Joining the others in Reichenbach in middle of March 1954, I took up residence at Chalet Abendruh [ built 1912 ], sharing a room with Trev' on the second floor. Meals were taken in the stubli on the first floor, and the office consisted of a couple of rooms on the gound floor, with a view up the Kandertal towards Frutigen, the Niesen range of mountains rising high on the right or western side of the valley. Our hosts were Herr u Frau Steiner. In the summer months the chalet was employed as a holiday base for [mainly] Swiss folk of moderate means. The food was of Swiss peasant style and took a lot of getting used to. The local Hotel Baren was the saving grace in our style of life, the grub and the wine being first class with the added bonus of being served by Freini Murner, the lovely daughter of the very correct but friendly hotel proprietor. In that first year Trev' and I took German lessons with Fraulein Hofstetter in Speiz, a few kilometers down the line from our village, thus we became acquainted with the first class buffet in Speiz Bahnhof. Many evenings did we spend in this quietly civilised eatery, making two del. of Dole last as long as possible, consuming Russian eggs and just talking; Chris', Trev', myself and Albert, our German watchmaker friend resident in Speiz.

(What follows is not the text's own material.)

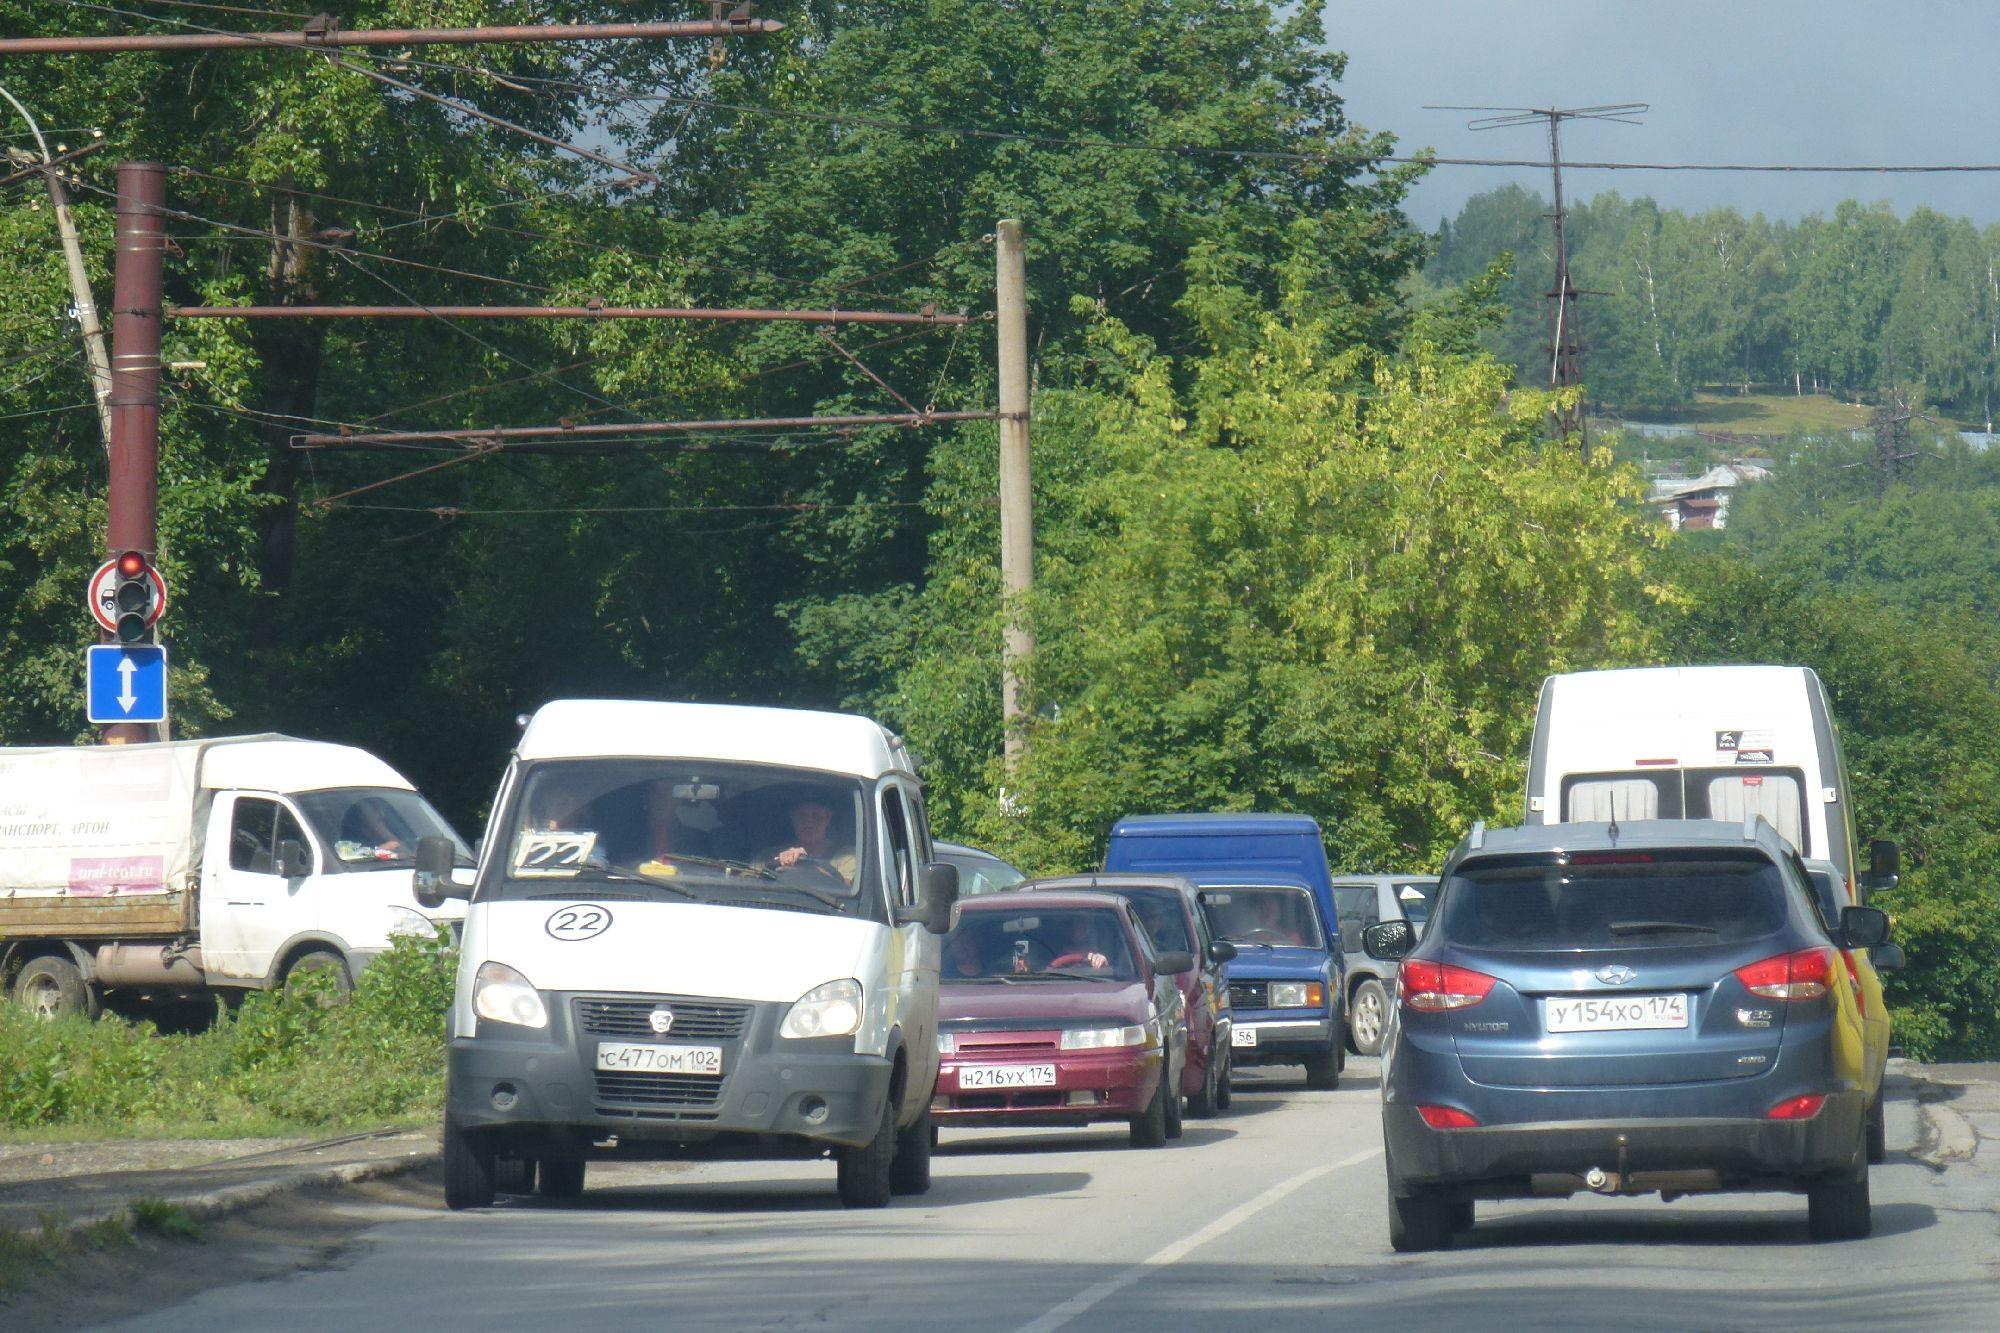 Налево - на Генераторную, направо - закрытая улица Кирова (Дорога угрожает упасть под косогор)

Early skiing attempts were made above the top station of the Stock Lift above Kandersteg, and then somewhere about the end of April 1954 Trev' and I made an attempt to ascend the Niesen via the east ridge. The upper slopes of the mountain were still deep in winter snow, a new experience to me, and in the event almost a disastrous one. Sidling up to the ridge above the rack railway I led unroped across a snow filled gully equipped with several avalanche barriers to protect the railway below. The snow balled up under my feet, I slipped, accelerated head first down the gully, took the first two barriers head first, slewed around, dug in my boots and came to a halt on the third: a total distance of about three hundred feet. I sprang to my feet in a rage, yelled to Trev' way above that I was coming up. Trev' cried 'NO, we are going DOWN '. Down we went to a high cow hut to collect our respective calm and there a little delayed shock set in and I started to shake for a few minutes. God takes care of.. ... .. but I believe I've already said that somewhere else!

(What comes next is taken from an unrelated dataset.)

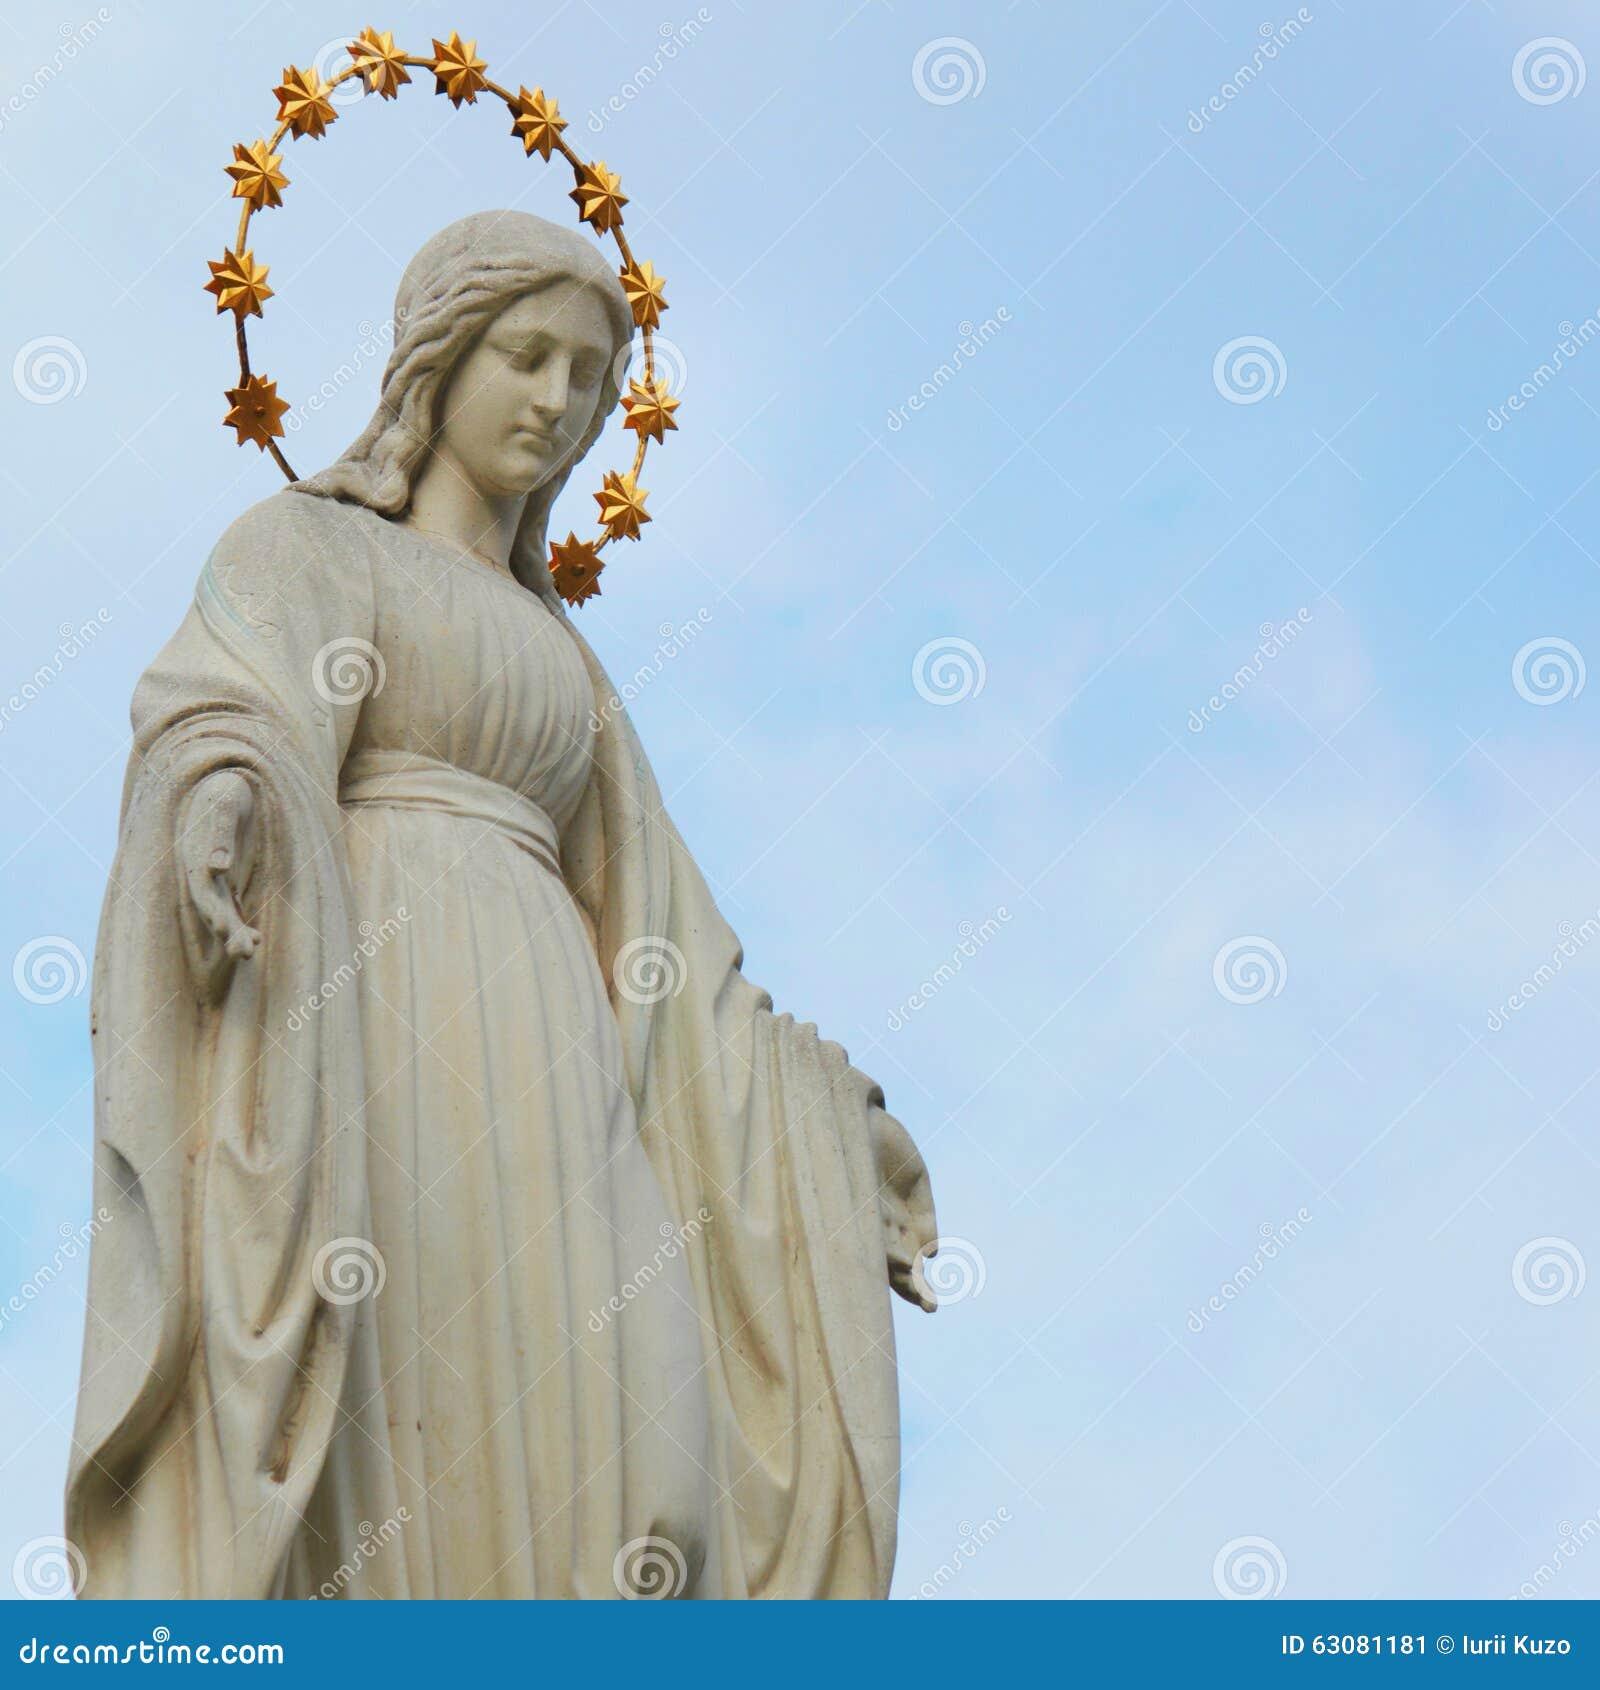 Download Statue de Vierge Marie image stock. Image du prière, beau - 63081181

Climbing mountains is commonly thought to be a selfish pastime, foolhardy and dangerous. I beg to differ. Climbing, or more accurately, mountaineering, is a great educator and if approached with respect for the obvious risks and with cautious resolve, can have great benefits. It develops a love and understanding of the outdoors. A knowledge and reading of the weather. In facing fears and in overcoming them; a sense of discipline and self esteem. In trusting fellow climbers with one's life; deep and lasting friendships. Above all it helps one to rise above the every day rat race, helps strike a balance in life and breed serenity of mind. The early climbing days, especially if one is young, are the most hazardous and over- confidence, bred of inexperience, is the real 'Old Nick' of the mountains. To echo the unasked advice and wisdom of an old climber 'Well, a good set of leg muscles is handy. but a brain will help make 'em last into ripe old age '.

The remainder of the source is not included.